1026.43 (b)( 4) states ” Higher-priced covered transaction means a covered transaction with an APR that exceeds the APOR for a comparable transaction as of the date the interest rate is set by 1.5 % or more for a 1st lien other than a qualified mortgage under (e)(5),(e)(6) or(f) of this section; … by 3.5 % or more percentage points for a 1st lien covered transaction that is a qualified mortgage under (e)(5) ( small creditor)….
My Question is if we are a small creditor, would the loan would become a HPCT at 3.5 % or more above the APOR and escrow would be required that that point not at the 1.5 % or more about the APOR under other bureau rules correct?

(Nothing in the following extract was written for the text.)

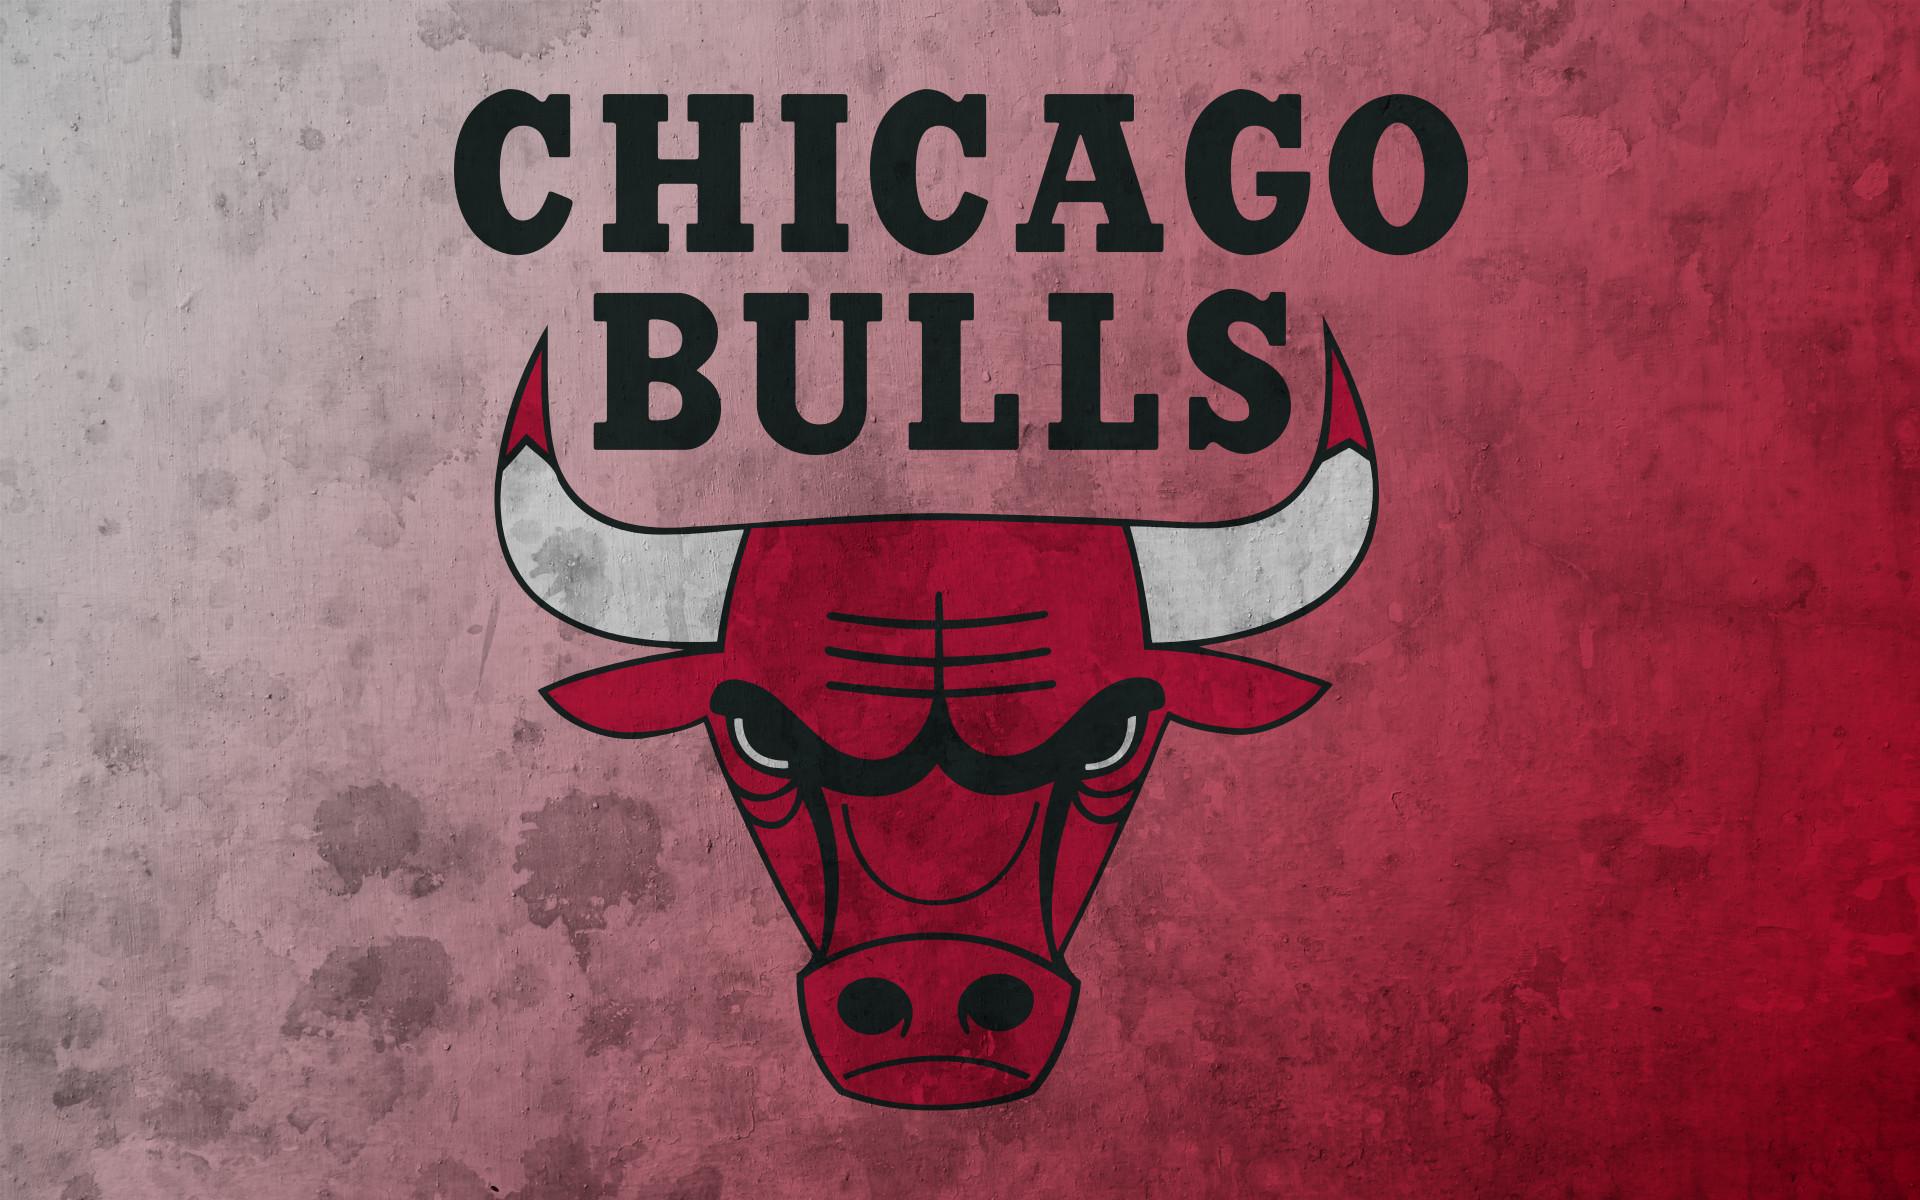 Chicago Bulls Wallpaper HD 2018 ·① WallpaperTag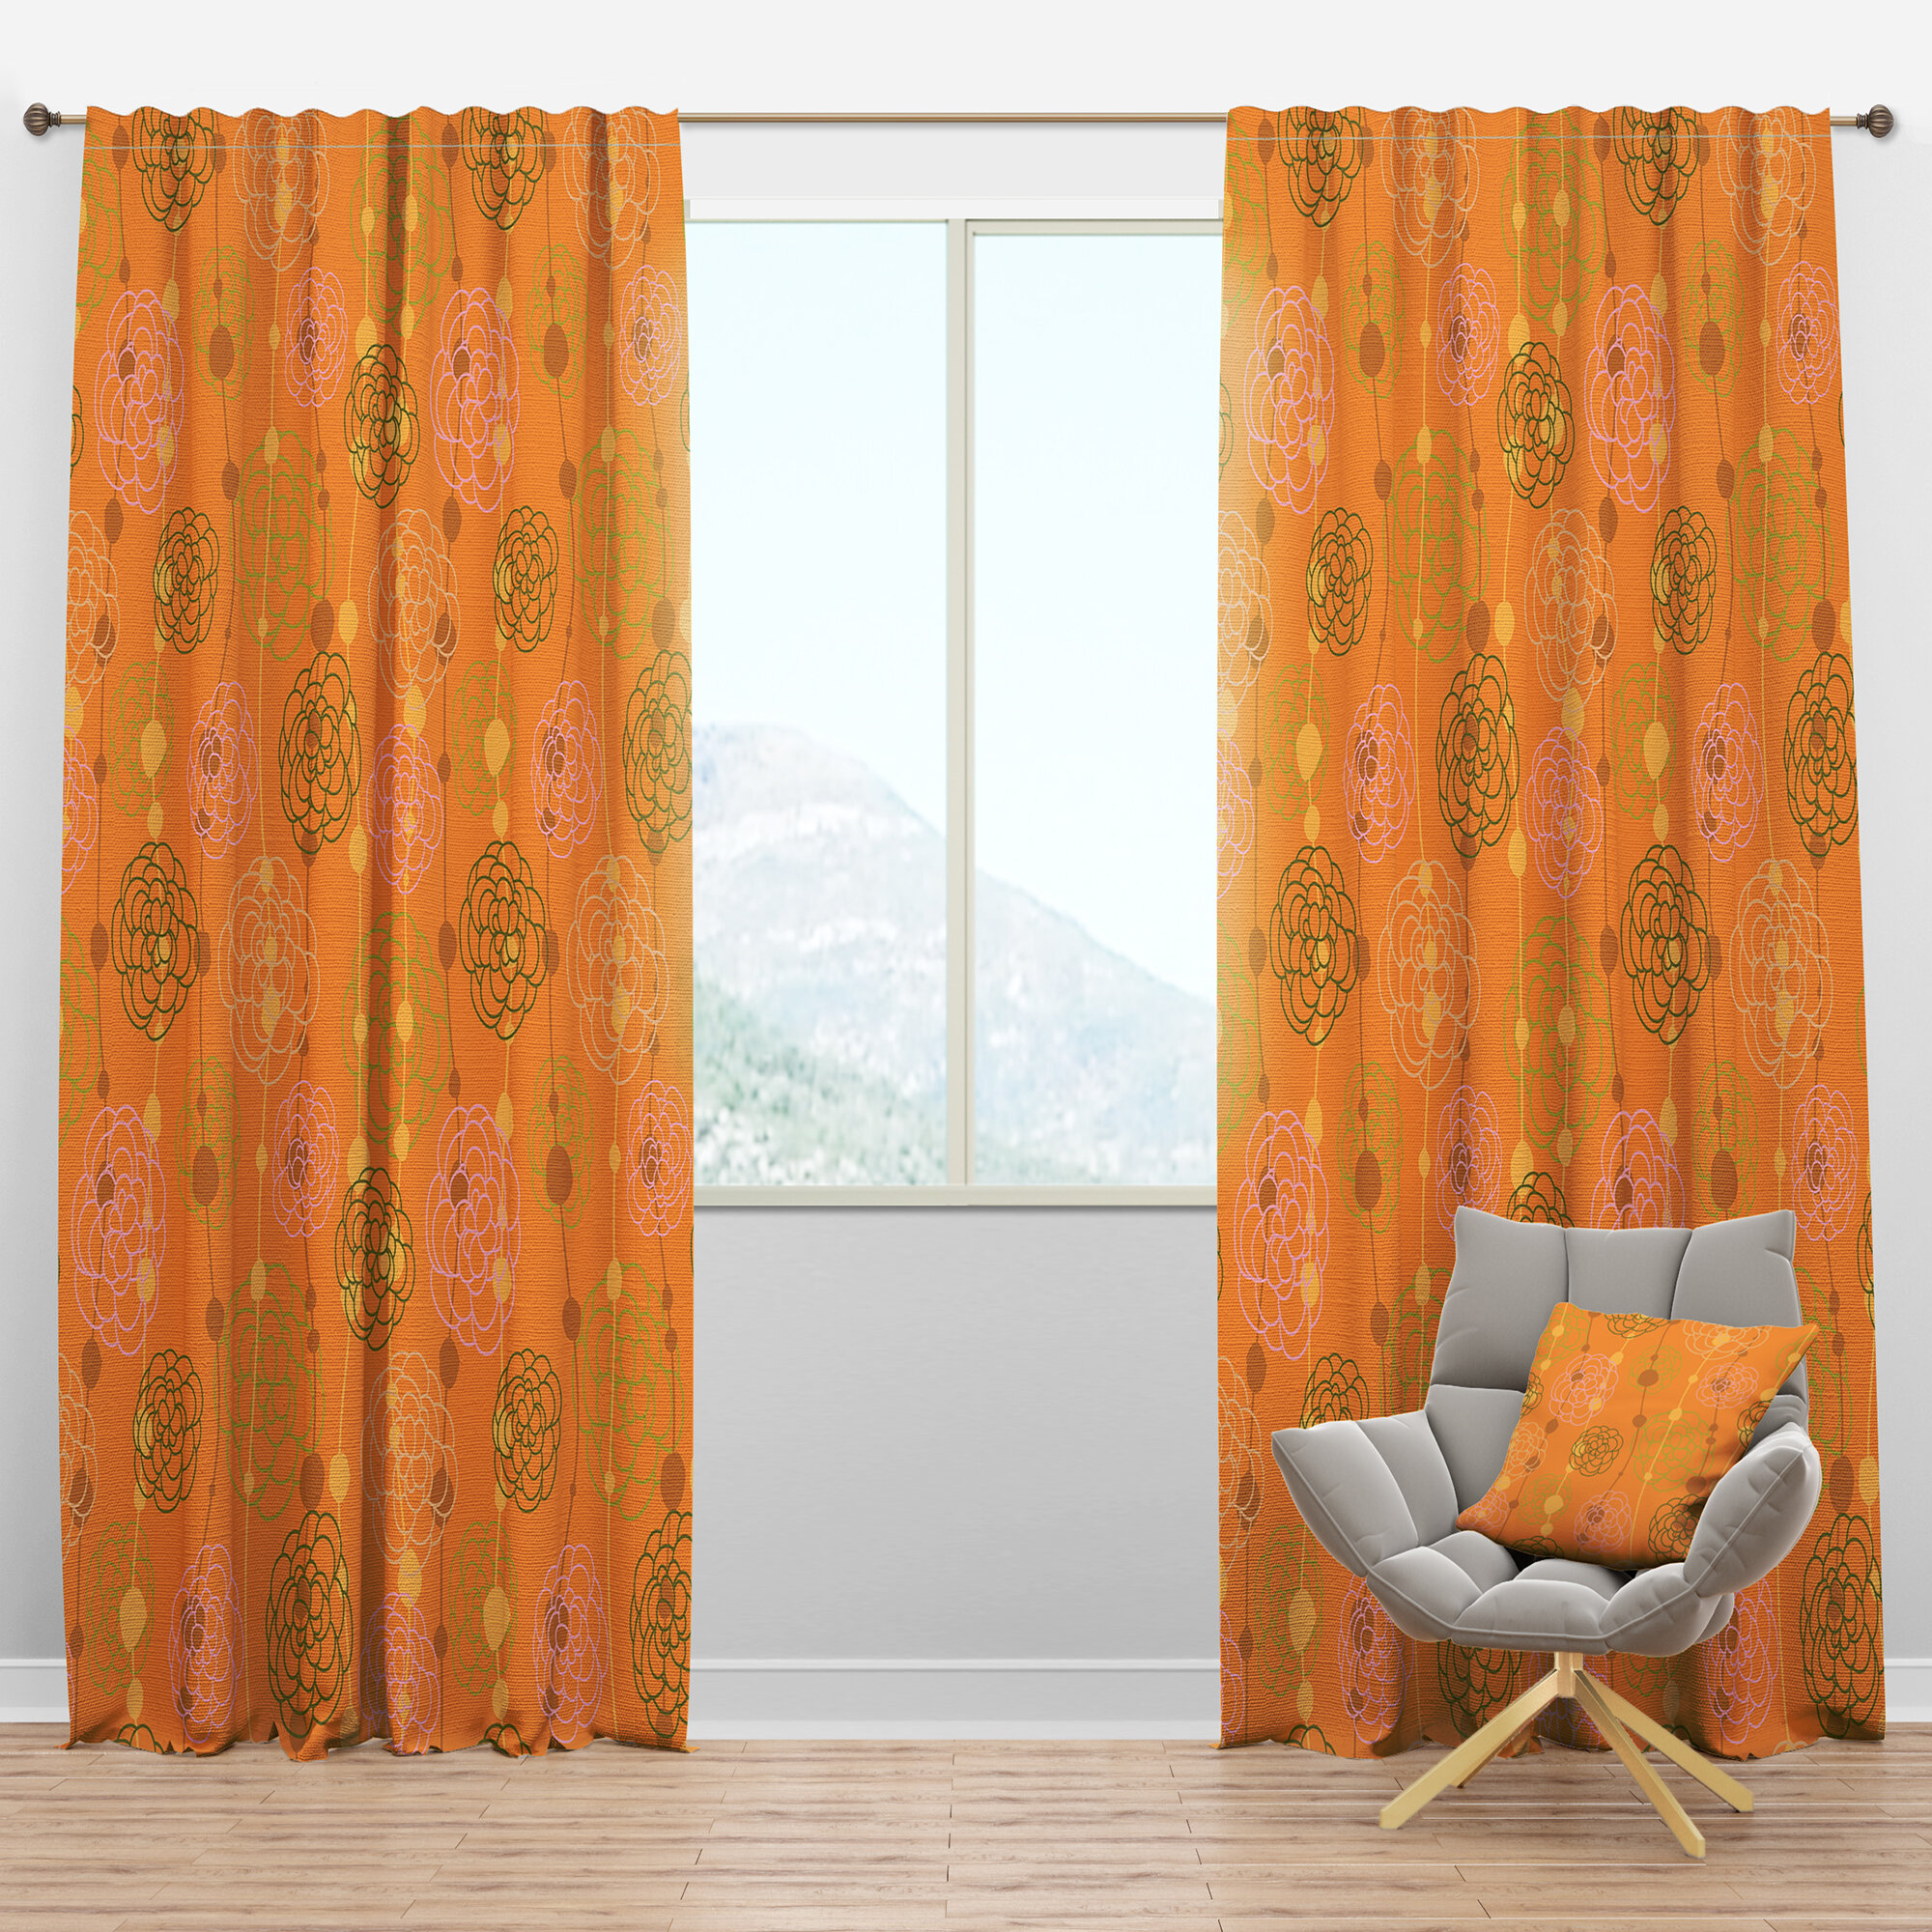 Designart Mid Century Handdrawn Flowers Iii Geometric Semi Sheer Thermal Rod Pocket Single Curtain Panel Wayfair

HPML has its own triggers and HPML escrow has some exemptions. The HPCT threshold does not affect the HPML triggers. If your loan is 1.5% or more above the APOR on a first lien transaction subject to the HPML rules then you are required to escrow unless you meet one of the HPML escrow exemptions. The HPCT status indicates whether or not you will attain a safe harbor or rebuttable presumption of compliance for your QM. If your loan is NOT a HPCT and you meet the QM requirements you have a safe harbor; if it is a HPCT and you meet the QM requirements then you have a rebuttable presumption of compliance. As a small creditor under (e)(5), (e)(6), or (f) of 1026.43 you are given more room for a safe harbor – the definition of the HPCT gives small creditors up to 3.5% or more above the APOR before it becomes a HPCT. Again, HPCT won’t affect your escrow requirements under the HPML rules.